Genotypic distribution of HHV-8 in AIDS individuals without and with Kaposi sarcoma
Medicine, 2016
AIDS-associated Kaposi's sarcoma (AIDS-KS) caused by human herpes virus 8 (HHV-8) is the most severe and resistant form of KS tumor. Our aim was to verify whether there is an association between HHV-8 variability and development of AIDS-KS in Brazil by comparing the HHV-8 variability between individuals without and with KS. Saliva samples and blood, when available, were analyzed by PCR techniques for detection of the fragments of ORF K1 of HHV-8, which were then genotyped and analyzed regarding the genetic variability.

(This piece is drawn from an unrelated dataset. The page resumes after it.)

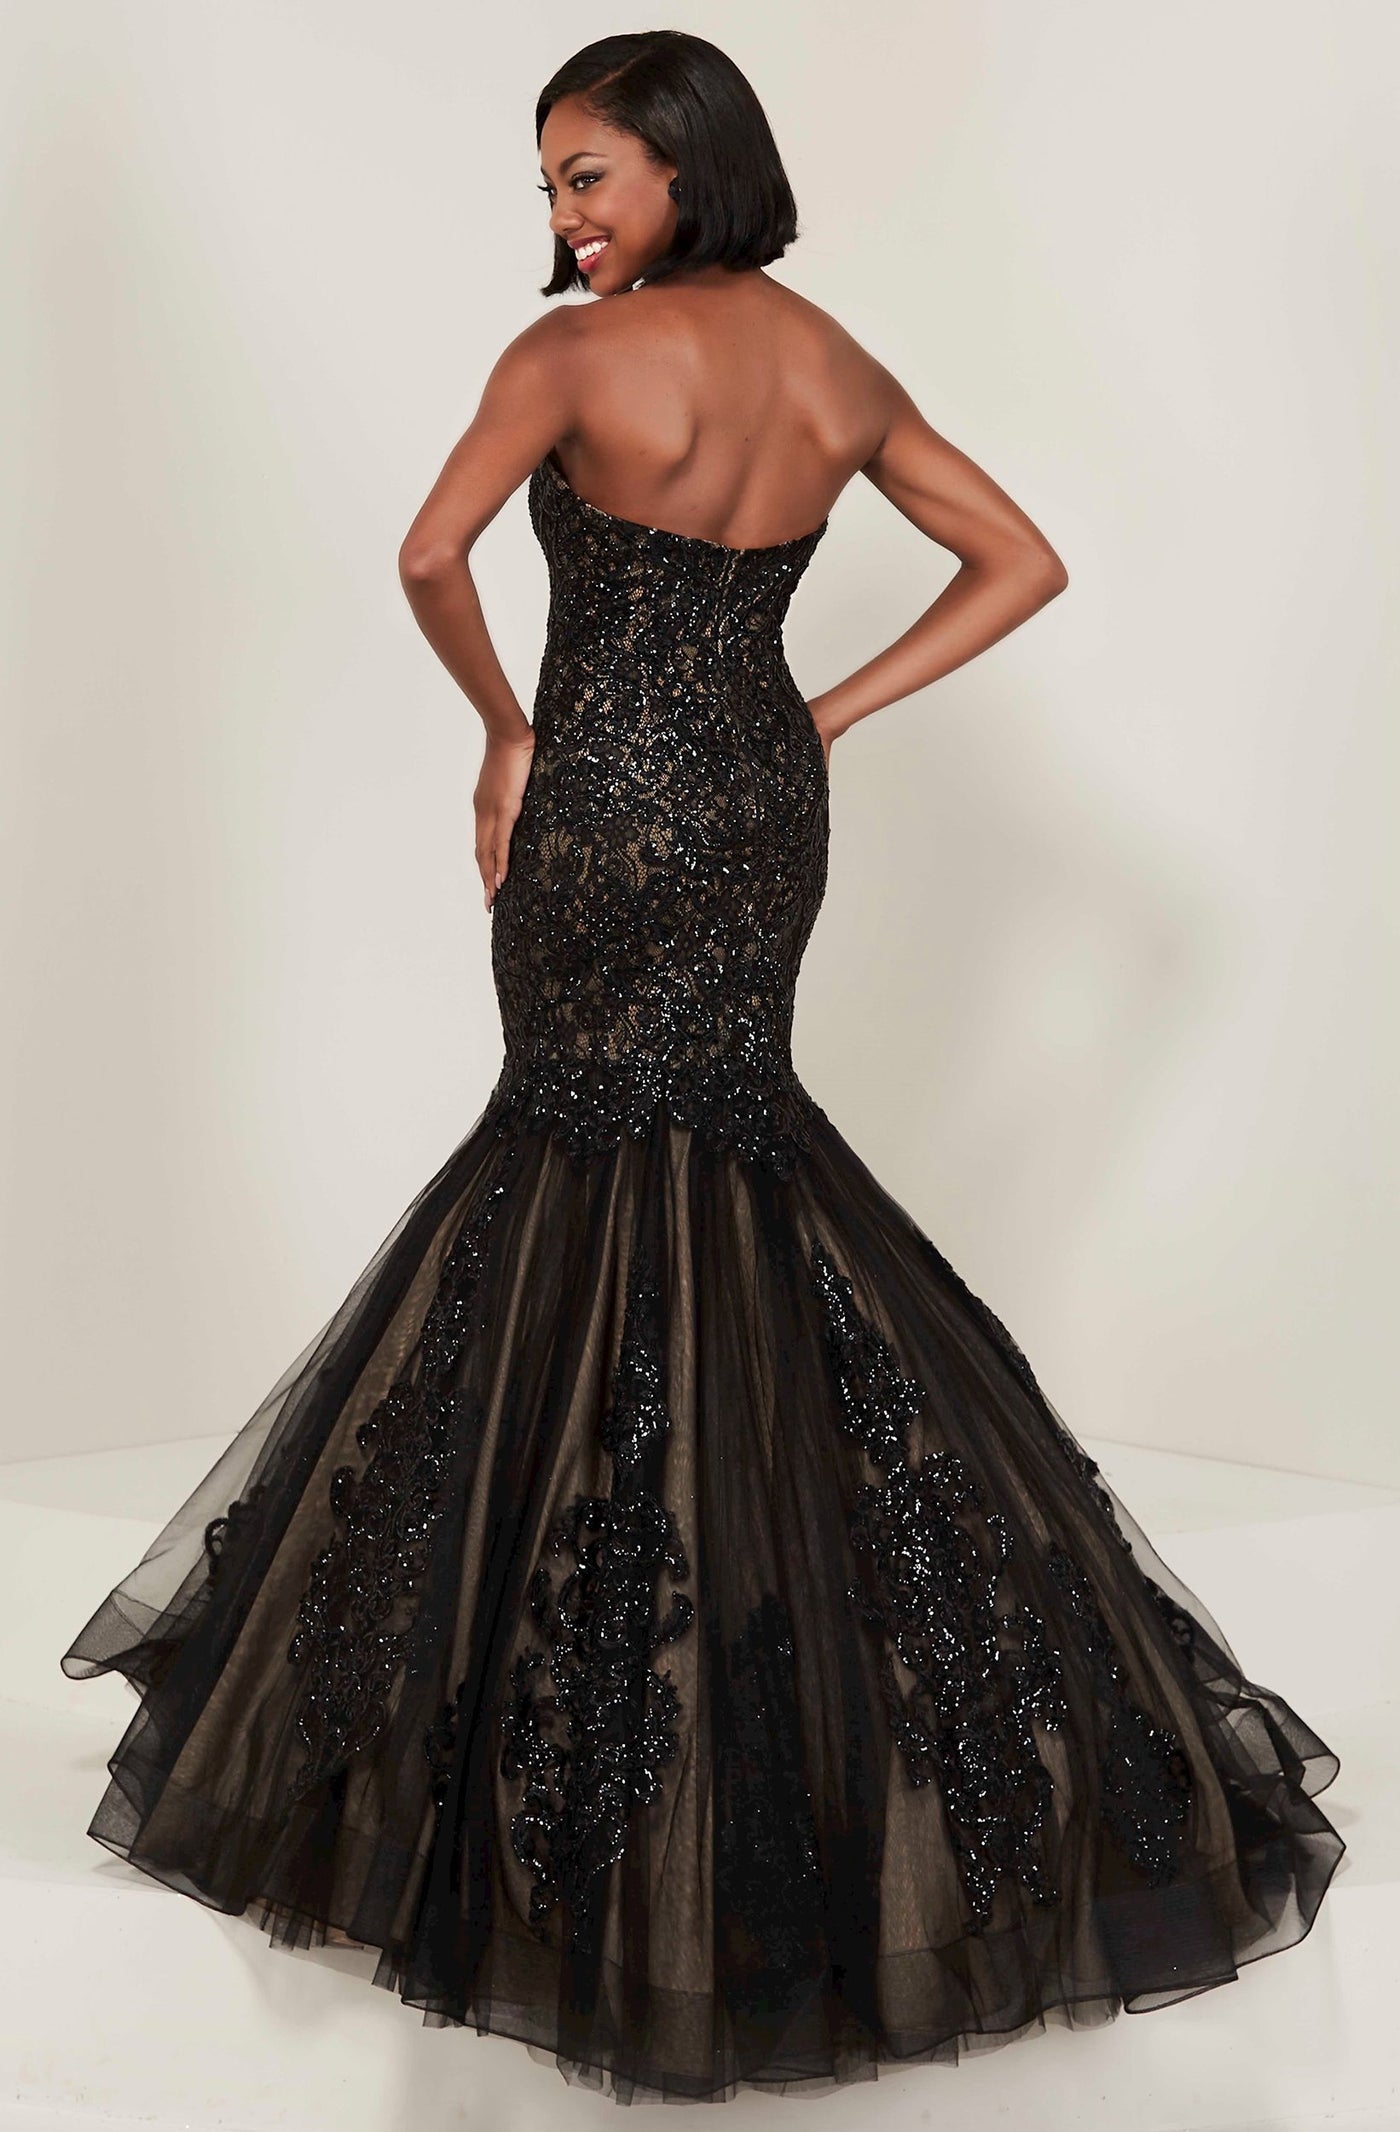 Tiffany Designs - 16356 Sequined Lace Tulle Mermaid Dress In Black and Neutral
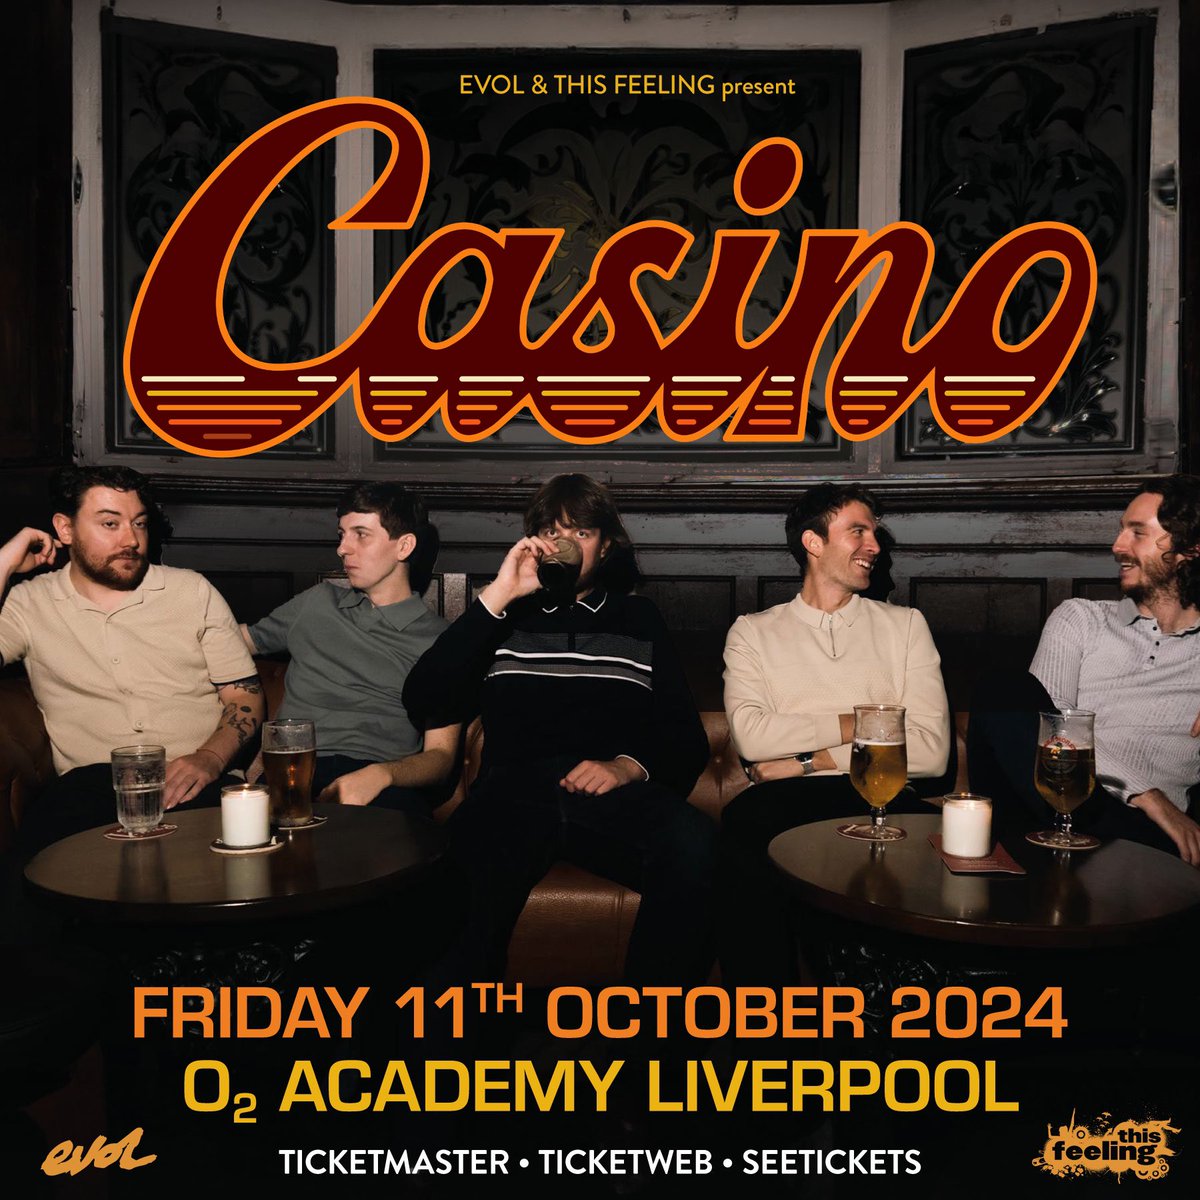 𝐁𝐈𝐆𝐆𝐄𝐒𝐓 𝐇𝐎𝐌𝐄 𝐇𝐄𝐀𝐃𝐋𝐈𝐍𝐄 𝐒𝐇𝐎𝐖 The sublime soulful indie groove machine @Casino_band_ play their 𝐁𝐈𝐆𝐆𝐄𝐒𝐓 home headline show to date, Friday October 11th at @O2AcademyLpool! Get tickets: seetickets.com/event/casino/o… 📸 @BrianSaylePhoto @SoundsLiverpool

Our study described 106 positive cases for HHV-8 in the saliva from 751 AIDS patients without previous KS. In addition, we performed a phylogenetic analysis of HHV-8 in 34 of the 106 AIDS patients without KS and in 33 of the 37 patients with active KS. The distribution of HHV-8 genotypes A, B, C, and F in AIDS individuals was indistinguishable by comparing non-KS and KS groups, as well as regarding ethnicity. Considering the KS group, genotype B was associated with better prognosis of KS tumor. Interestingly, we found a particular profile of diversity within clade C and 2 recombinant patterns of HHV-8 in the saliva of AIDS individuals without KS. We emphasize the need to achieve standard genotyping protocol for ORF K1 amplification, thus allowing for substantial detection of HHV-8 variants. Our findings can shed light on the role of HHV-8 variability in the pathogenesis of AIDS-KS. Abbreviations: AIDS-KS = acquired immunodeficiency syndrome associated Kaposi's sarcoma, cART = combination antiretroviral therapy, EDTA = ethylene diamine tetra acetic acid, EPA = evolutionary placement algorithm, HHV-8 = human herpesvirus type 8, HIV Tat = Tat protein involved in the replication of immunodeficiency virus type 1, IFA = immunofluorescence assay, KS = Kaposi's sarcoma, LANA = latency-associated nuclear antigen, ML = maximum likelihood, ORF = open reading frame, PBMCs = peripheral blood mononuclear cells.